The Ribbons Are for Fearlessness Read online

Page 6


  I practically lived in those rivers. I washed in them. I washed my clothes in them. I washed my hair in them. I did my washing up in them. I drank them. When they were vigorous I showered under powerful waterfalls. When they were lazy I lay naked in them as if they were a tepid bath. I listened to them as if they were music. I had no buzzing fridge, no fizzing lightbulbs, no gurgling pipes. There was no distant hum of traffic. There were no voices in the street. There were no streets. There was nothing, apart from the crackling of a candle flame and the voices in my head, the memories that wouldn’t leave me alone, that pestered me like the whining of mosquitos.

  Dead.

  I wish I could feel you naked beside me.

  Dead.

  Nothing.

  We could be troubadours.

  I would have run from them, distracted myself in some way, called someone, drunk something, watched something on television, but all I could do was wait and hope they would fade. I sat on the back step of my old, rusting van and stared out at the mountains or the river or whatever that night’s backdrop was, and gradually they did fade. The memories and the past they belonged to were swallowed up by the silence, like everything else. If I had known how lonely and remote those park-ups were going to be, I would have been gripped with terror at the thought of it, but it never got dark, and gradually I realized that I was not afraid.

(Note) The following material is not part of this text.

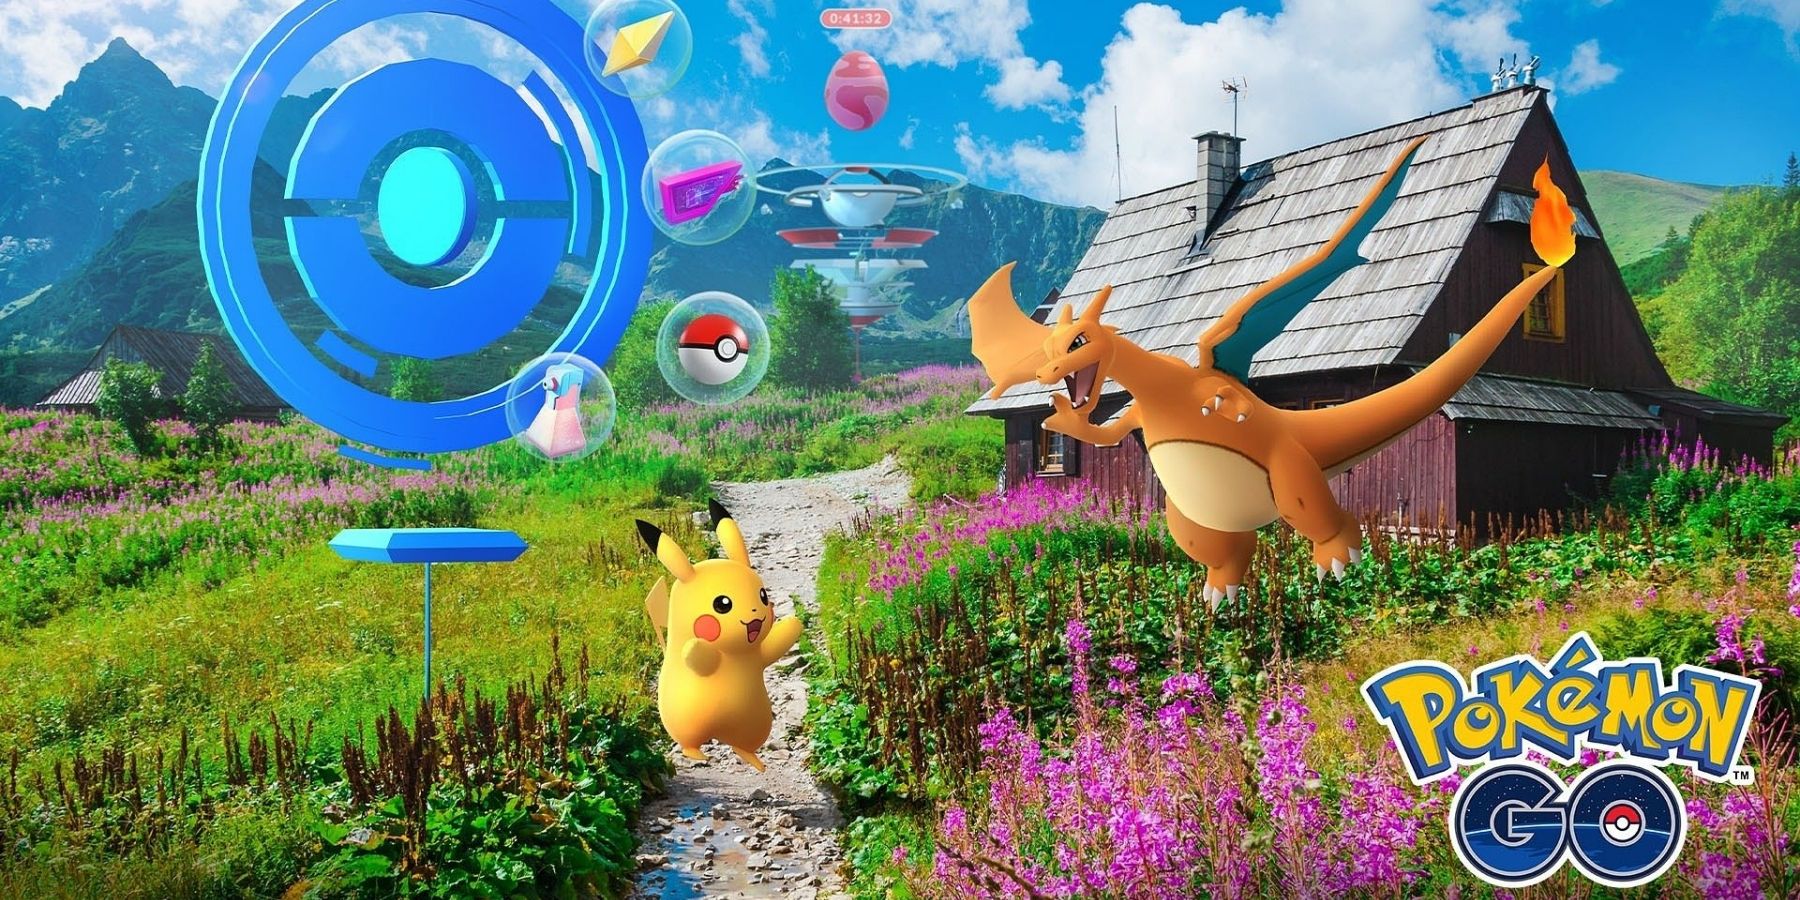 The monetization promise and pitfalls of Pokémon Go

  Aside from the time I spent at Jan Erik’s, I had survived for a month on milky coffee, porridge, pasta, rollmops, and grated carrots. I saved all the bigger coins for diesel, which meant that visiting supermarkets was a fraught experience involving fistfuls of coppers, which I would painstakingly count at the checkout while people piled up behind me. I didn’t have much choice. I couldn’t exactly go to a bank. I never knew quite how much I had, either, although I grew more and more skilled at guessing from the weight of the coins in my hands. When I was short by a few kroner the lady at the checkout would usually let me off, because she couldn’t face the thought of counting all those coins again.

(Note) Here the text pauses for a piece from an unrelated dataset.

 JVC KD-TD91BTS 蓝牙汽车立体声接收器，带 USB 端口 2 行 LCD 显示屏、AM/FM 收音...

  I reached Mo i Rana on 14 July. It’s an old industrial town from which all the industry has long since departed. These days the streets are lined with benches, on which elderly ladies and gentlemen gathered to listen to me play my cello outside the Coop. Their favourite was “Autumn Leaves.” Whenever I packed up they would ask me when I was coming back, as if I was a real musician. And they were generous, too. I busked twice a day, once in the morning and once in the afternoon, and it became a happy ritual to empty the pockets of my torn and faded jeans out onto the plywood offcut that served as my kitchen, and count my coins. One day I counted eight hundred kroner. Eighty pounds. It seemed nothing short of miraculous.

  I could have stayed longer in Mo i Rana, but time was running out. It was already too late to see the midnight sun in Bodø, a few hundred kilometers further north. If I was lucky I might just make it to Tromsø. I left on a Sunday and traveled west to the Kystriksveien, a coastal route that passes close to the Svartisen glacier. Andrew had always wanted to see a glacier.

  Part of the Kystriksveien is a sea ferry. I left my van in a queue of three, in a tiny harbor called Kilboghamn, and went to stand on the edge of a stone pier. The sea was slapping up against enormous tractor tires fifteen feet wide, indicators of how intense the winter storms must get up there. An icy wind was blowing. I went back to the van and changed my flip-flops for boots and socks and made a flask of tea. By the time I finished the ferry had arrived.

  Up on deck I was alone. The other travelers sensibly sat inside, out of the wind, behind the salt-caked windows. I breathed wet, salty air and listened to the restless crying of gulls. Above me clouds raced across the sun. Rocks eroded by ice towered over the water, casting strange shadows. A handful of courageous trees clung to threadbare slopes. From here the land looked bald, as if it had been scoured with a Brillo pad. The wind caught the sea and whipped it into frothy waves.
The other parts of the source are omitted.